== DATA RECORDS ==
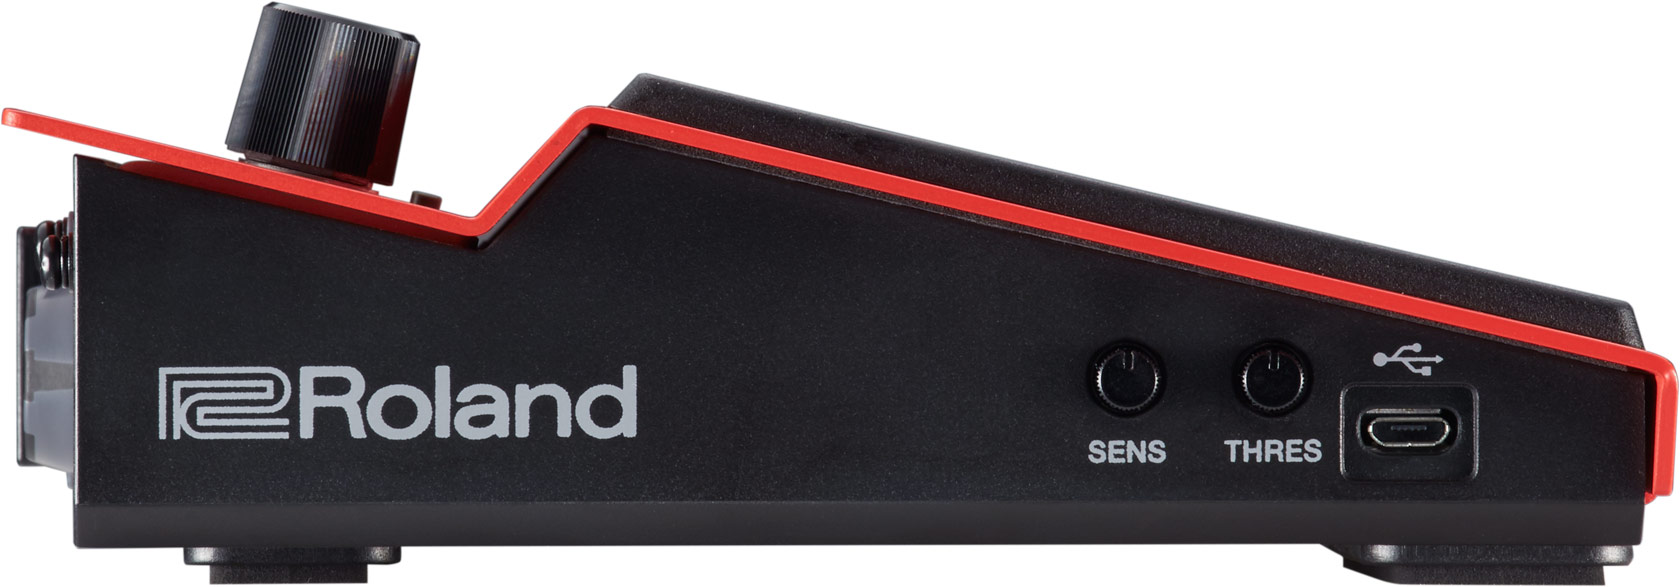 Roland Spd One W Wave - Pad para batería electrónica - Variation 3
===
== DATA RECORDS ==
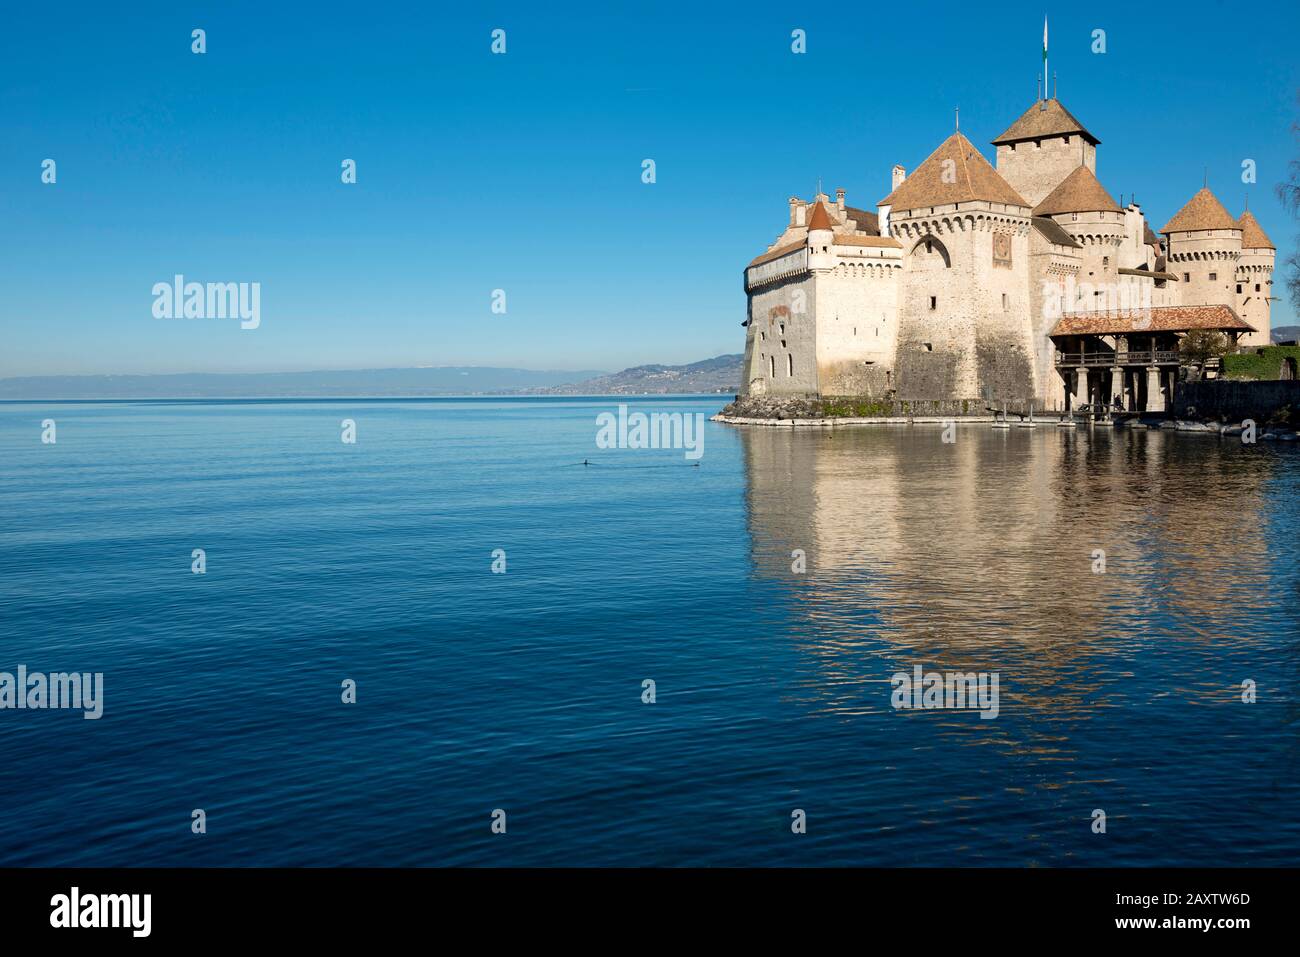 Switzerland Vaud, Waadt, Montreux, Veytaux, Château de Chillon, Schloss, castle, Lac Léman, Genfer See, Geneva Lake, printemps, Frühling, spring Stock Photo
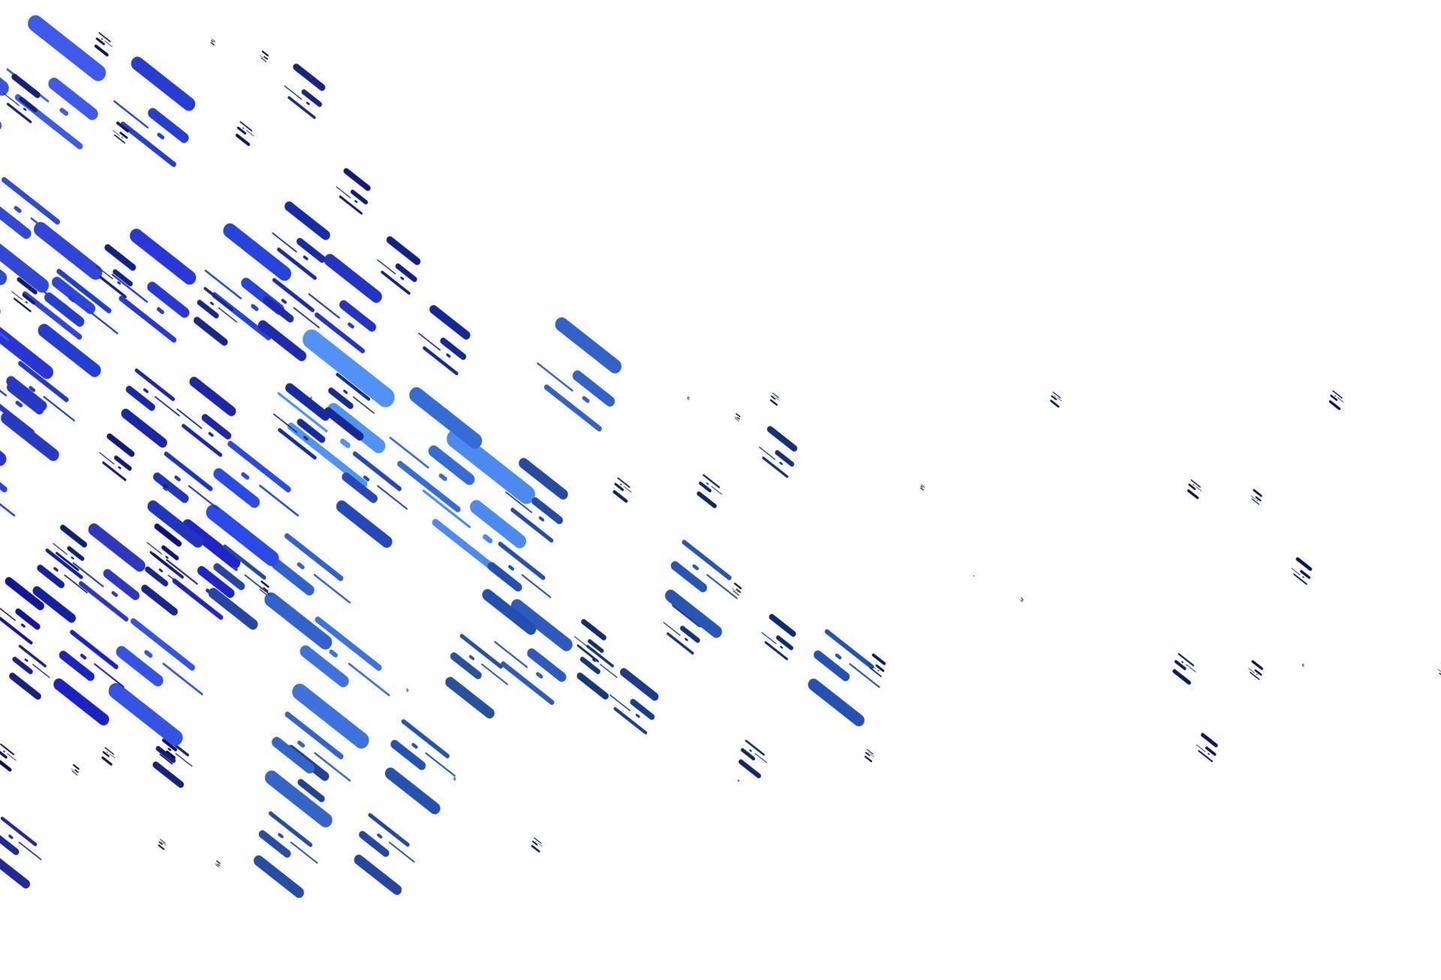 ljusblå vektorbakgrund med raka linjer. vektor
===
### EXERCISE BRIEF
The answer should consist only of the lines above from the one with "Switzerland Vaud, Waadt, Montreux, Veytaux, Château" through the one with "ljusblå vektorbakgrund med", repeated exactly, with no pictures among them.

### WRITTEN RESPONSE
 Switzerland Vaud, Waadt, Montreux, Veytaux, Château de Chillon, Schloss, castle, Lac Léman, Genfer See, Geneva Lake, printemps, Frühling, spring Stock Photo
 ljusblå vektorbakgrund med raka linjer. vektor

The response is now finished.